We wish to find $\mathbf{T}_b$ given $\mathbf{T}_a, \mathbf{T}_c$.

I think this is equivalent to finding a change of basis between $\mathbf{T}_a$ and $\mathbf{T}_c$. My approach so far has been to decompose the problem into rotational and translational constraints as follows.

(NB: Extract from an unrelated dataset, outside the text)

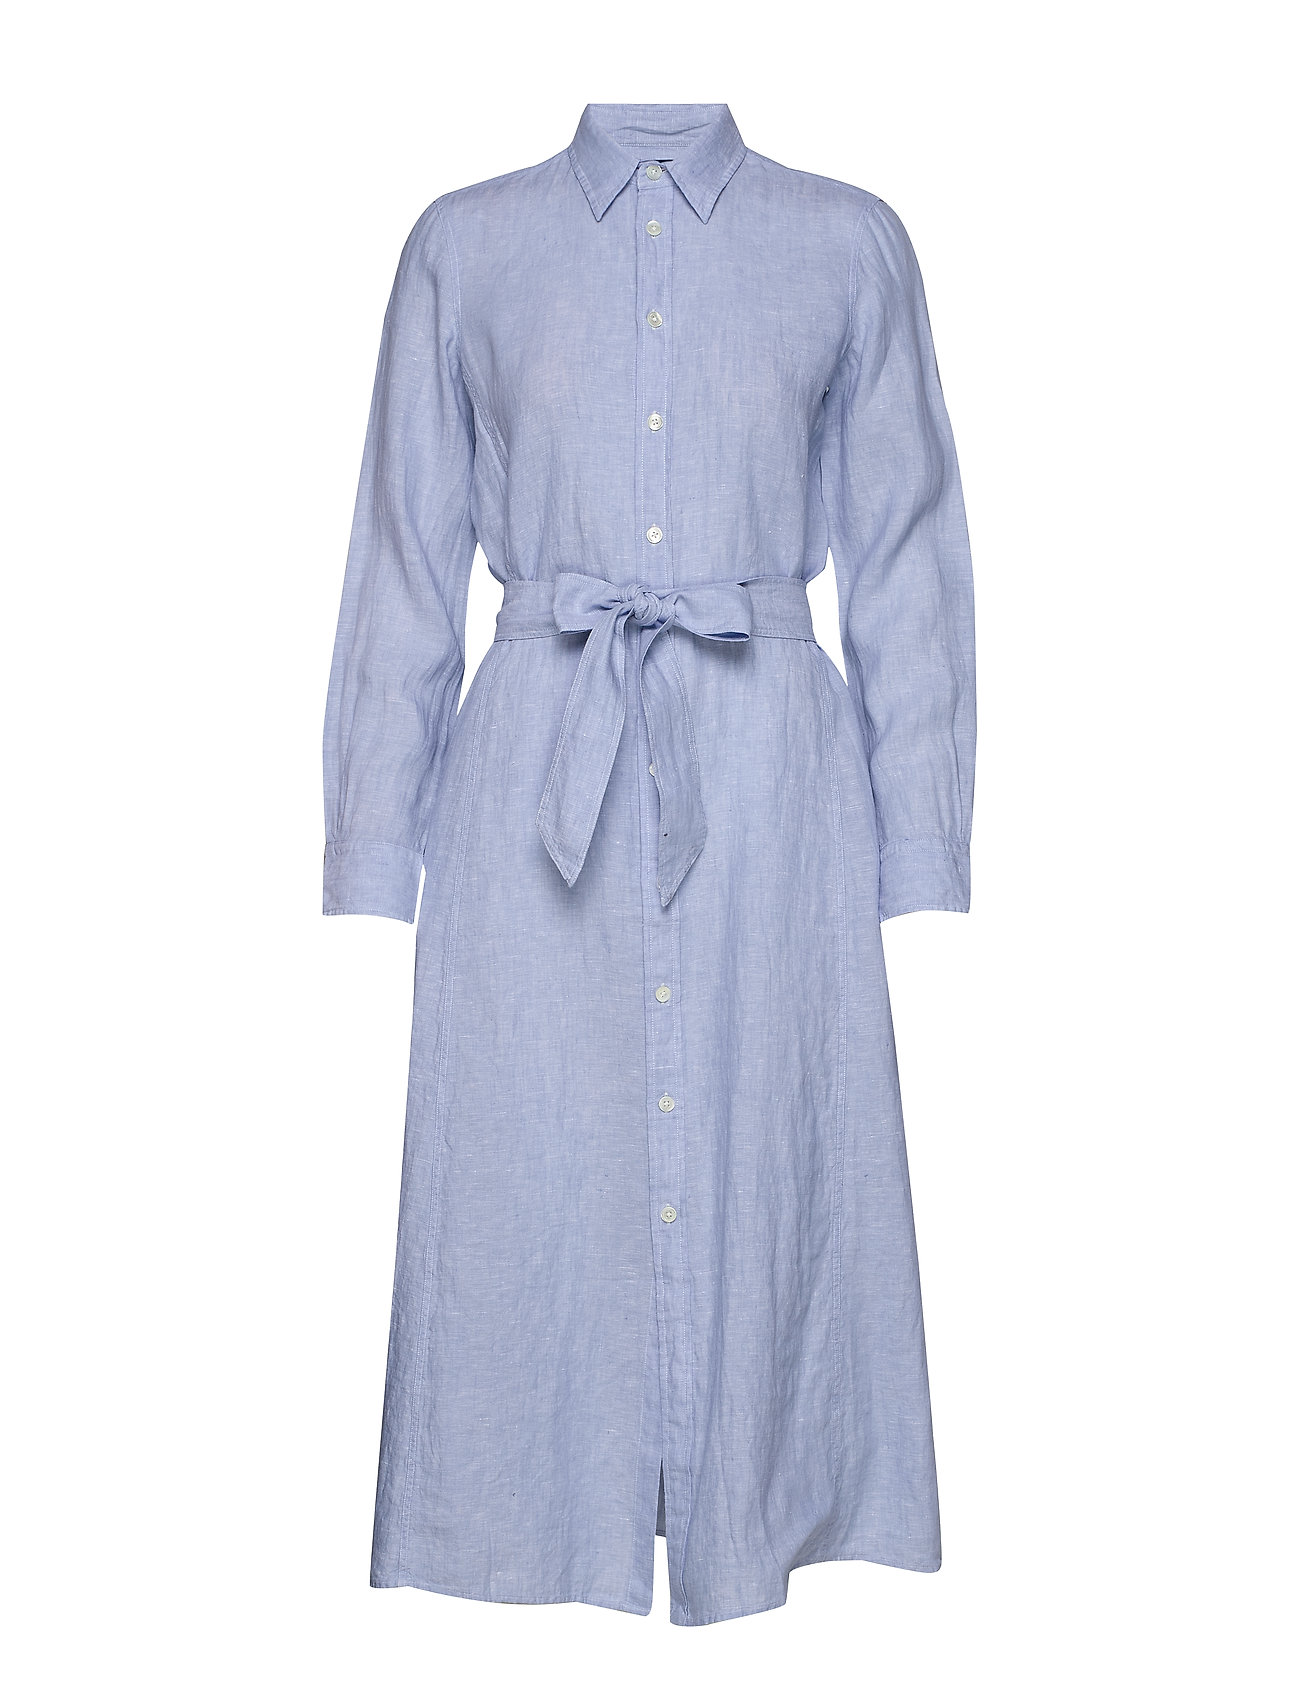 ralph lauren linen shirt dress

Let $\mathbf{R}_a \in SO(3)$ be the rotational component of $\mathbf{T}_a$, and $\mathbf{t}_a$ be the translational component. Then we have:

$$ \begin{bmatrix}\mathbf{R}_c & \mathbf{t}_c\\ \mathbf{0} & 1\end{bmatrix} = \begin{bmatrix}\mathbf{R}^{\top}_b & -\mathbf{R}^{\top}_b\mathbf{t}_b\\ \mathbf{0} & 1\end{bmatrix} \begin{bmatrix}\mathbf{R}_a & \mathbf{t}_a\\ \mathbf{0} & 1\end{bmatrix}\begin{bmatrix}\mathbf{R}_b & \mathbf{t}_b\\ \mathbf{0} & 1\end{bmatrix} $$

Expanding this equation and collecting terms gives the following set of matrix equations;

$$ (1)\ \ \ \mathbf{R}_c = \mathbf{R}^{\top}_b\mathbf{R}_a\mathbf{R}_b\\ (2)\ \ \ \mathbf{t}_c = \mathbf{R}^{\top}_b\mathbf{R}_a\mathbf{t}_b + \mathbf{R}^{\top}_b\mathbf{t}_a - \mathbf{R}^{\top}_b\mathbf{t}_b $$

In general, (1) has infinitely many solutions which form a circle. We can find them by the following;

Let $\mathbf{c}$ be the rotation axis of $\mathbf{R}_c$, i.e. $\mathbf{R}_c\mathbf{c} = \mathbf{c}$. Then;

$$ \mathbf{R}_c\mathbf{c} = \mathbf{R}^{\top}_b\mathbf{R}_a\mathbf{R}_b\mathbf{c} \\ \mathbf{c} = \mathbf{R}^{\top}_b\mathbf{R}_a\mathbf{R}_b\mathbf{c} \\ \mathbf{R}_b\mathbf{c} = \mathbf{R}_a\mathbf{R}_b\mathbf{c} $$

This means $\mathbf{R}_b\mathbf{c}$ is parallel to the rotation axis of $\mathbf{R}_a$. Hence $\mathbf{R}_b$ can be taken as any rotation taking $\mathbf{a}$ to $\mathbf{c}$, i.e. a rotation of the rotation axes.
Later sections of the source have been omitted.